Lessons from Building a Workplace Diversity, Equity and Inclusion Program

The ability to bring diverse perspectives to the workplace is a superpower, alumna Corliss Garner (second from right) advised Chicago high school students at a DePaul-hosted leadership program.

The ability to bring diverse perspectives to the workplace is a superpower, alumna Corliss Garner (second from right) advised Chicago high school students at a DePaul-hosted leadership program. | Photo by Kathy Hillegonds

With our role as a strong corporate citizen, we want to be able to support our partners in doing their best work to the extent that we can.”
– Corliss Garner (BUS ’06)

Seven years ago, Corliss Garner (BUS ’96) returned to DePaul to address a group of high school students from underresourced communities as part of the university’s partnership with the Chicago Housing Authority. A Chicago native, Garner grew up in a West Side neighborhood, and wasn’t exposed to a diverse group of people until she entered high school. When she enrolled in DePaul to study finance, her exposure to diversity expanded.

As she spoke to the students, she encouraged them to think of their backgrounds as superpowers in their careers. She told them, “Your background and life experiences have taught you resilience and problem-solving skills. These are critical areas that will help you stand out and excel in any career path you choose.”

Now, Garner is in a new role that supports the advancement of employees with diverse backgrounds. After more than 20 years at BMO Harris Bank, Garner recently began working as the senior vice president and head of corporate social responsibility and diversity, equity and inclusion (DEI) at First Midwest Bank, the first position of its kind at the company. For the past year, Garner has channeled her professional, personal and civic experiences into building and executing a DEI strategy. She also oversees the bank’s philanthropic and community initiatives.

Garner’s community work inspired her passion for promoting diversity, equity and inclusion.
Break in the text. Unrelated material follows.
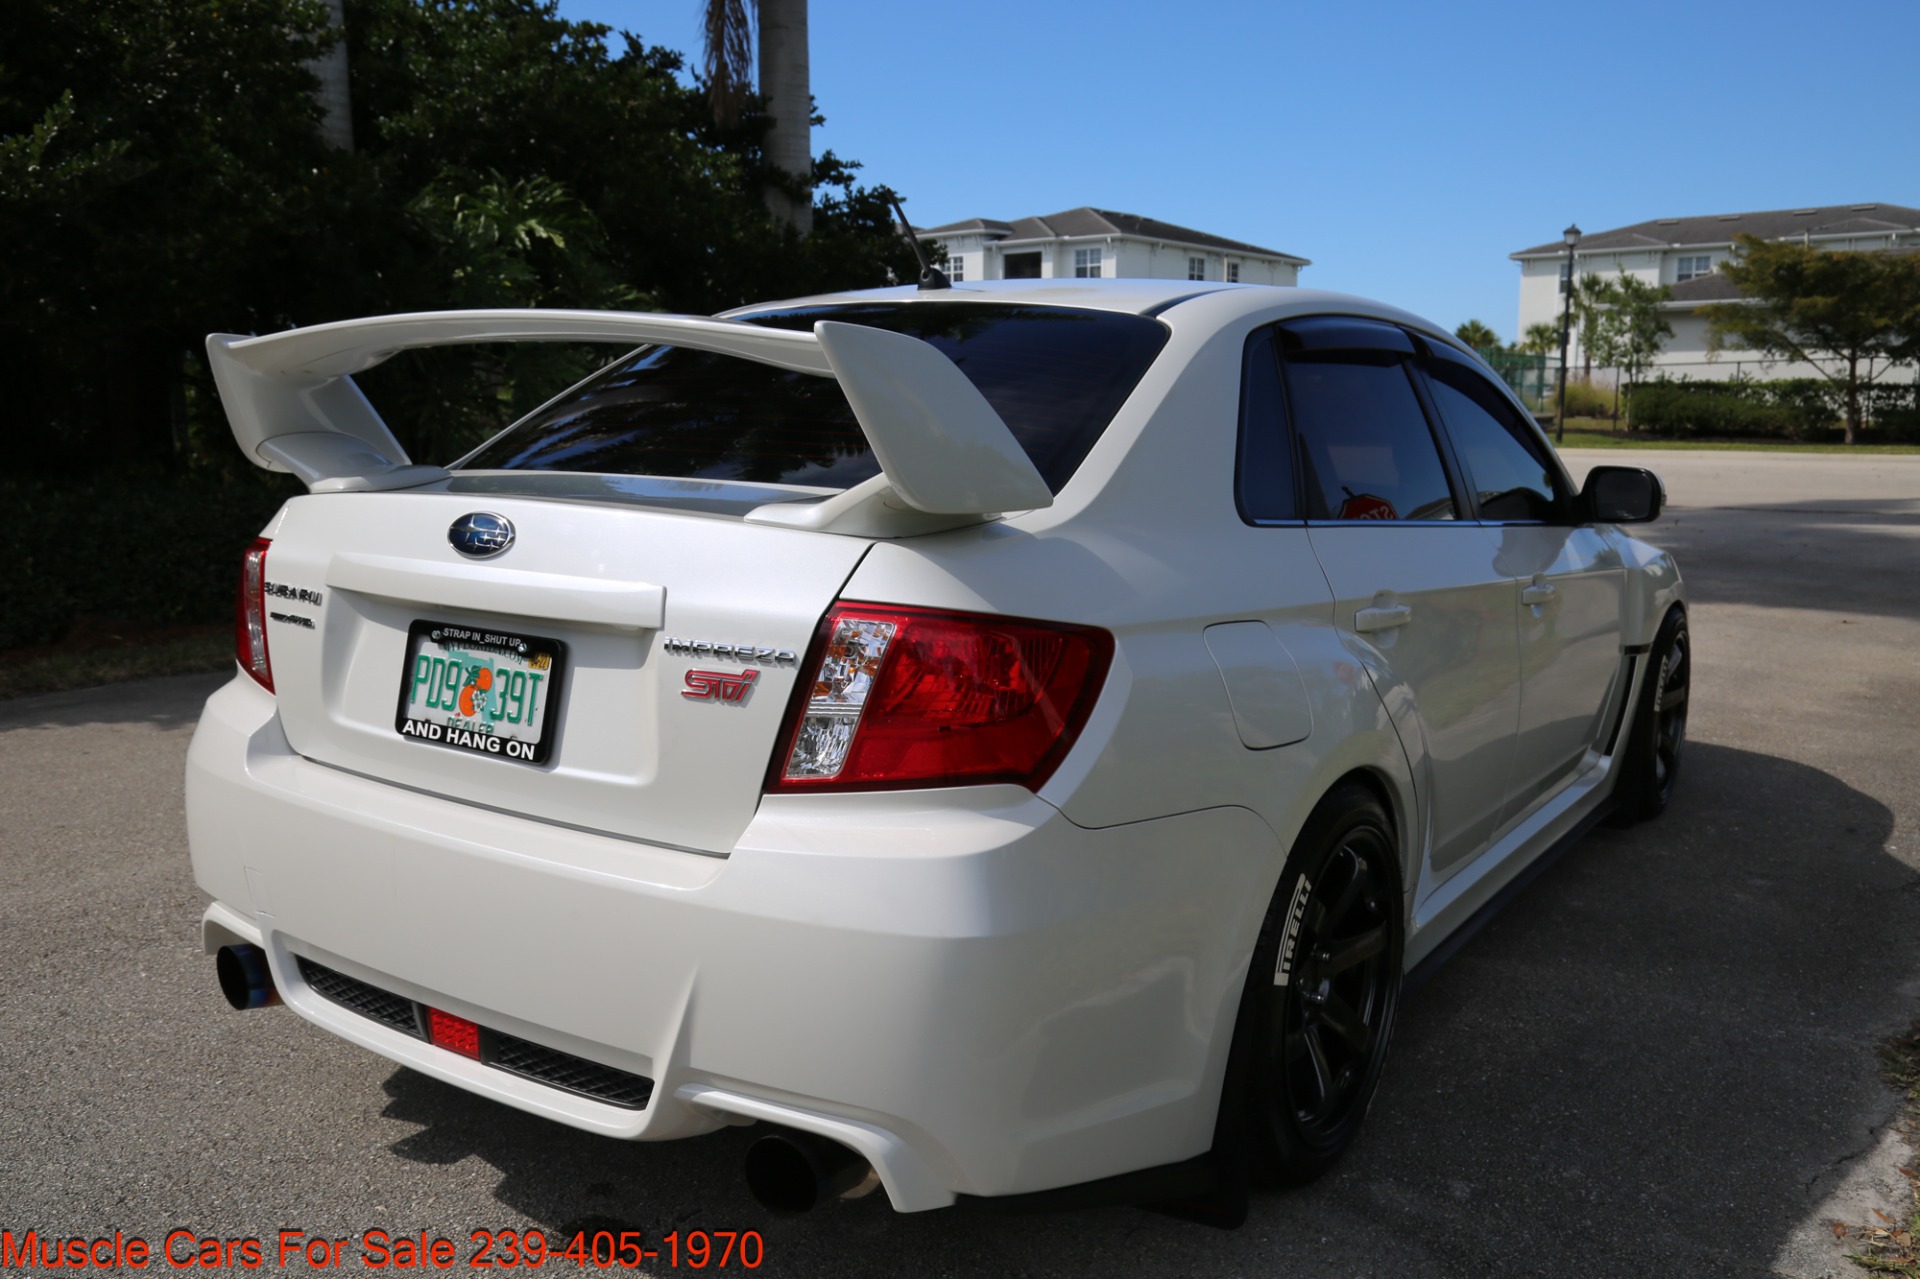 Used 2014 Subaru Impreza WRX STl Limited for sale $26,000 at Muscle Cars for Sale Inc. in Fort Myers FL 33912 3

Garner’s community work inspired her passion for promoting diversity, equity and inclusion. | Photo by Kathy Hillegonds

“My work is designed to strategically connect our role as a corporate citizen to support our employees, our clients and the communities we serve,” she says. “As First Midwest continues to grow and expand its footprint, the opportunity to strategically align this important work to our business objectives is a high priority for our company.”

First Midwest Bank recently made a $500,000 gift to DePaul’s John L. Keeley Jr. Center for Financial Services. Over the next five years, this gift will be used to diversify the Keeley Center’s student cohorts through outreach, targeted programming, scholarship support and internship placements at the bank.

“With our role as a strong corporate citizen, we want to be able to support our partners in doing their best work to the extent that we can,” Garner says. “Leading this partnership with the Keeley Center is a full-circle moment for me. It is an honor to work for a company that understands the value of providing more access to opportunity for diverse students.”

Corliss Garner (BUS ’06)

Leadership commitment and employee engagement are essential for DEI efforts to succeed, Garner says.

An active member of Chicago’s civic community, Garner has served on the advisory board of DePaul’s Coleman Entrepreneurship Center and is now a life director of the African American Legacy, an initiative that aims to improve the quality of life of African Americans in Chicago. Garner’s involvement in the community helped crystallize her passion for DEI work.

Not long after Garner started her new position at First Midwest Bank, social justice and racial issues began rattling communities throughout the United States. In the summer of 2020, thousands of people protested the death of George Floyd, who died at the hands of a Minneapolis police officer.

“The events of the summer certainly added a layer to my work. In many cases, those moments created the momentum needed to accelerate powerful and courageous conversations on race in America,” Garner says. “Even amidst all of the uncertainty and despair we experienced in 2020, I remain encouraged and hopeful, and look forward to progress.”

Below, Garner offers tips for building an effective DEI strategy:

  1. Start from the top. Commitment from the CEO and executive leadership team is key. Leaders set the tone, influence the organizational culture and provide the resources necessary to advance the strategy. Sometimes DEI efforts can get overshadowed by other business imperatives. It is important to recognize the DEI strategy as a priority and provide adequate funding.
  2. Empower champions. Choose individuals who can carry the DEI message throughout the organization. While senior leader messaging is critical, employee engagement is just as important. Employees embody the culture of an organization and can help provide valuable feedback and champion DEI more broadly.
  3. Overcommunicate. Everyone at the company has a role in driving the DEI agenda. Clearly communicate the goals and objectives of your program and tell people how they can get involved. It is crucial that employees have a stake in the success of the strategy and understand that everyone has a role to play.
  4. Keep up the momentum. Make sure you have a plan in place to advance your strategy and remember to communicate progress and wins. It’s the small steps and the work behind the scenes that keep the momentum going. Communicate broadly with your organization to help leaders and employees understand there is real work happening behind your public statements.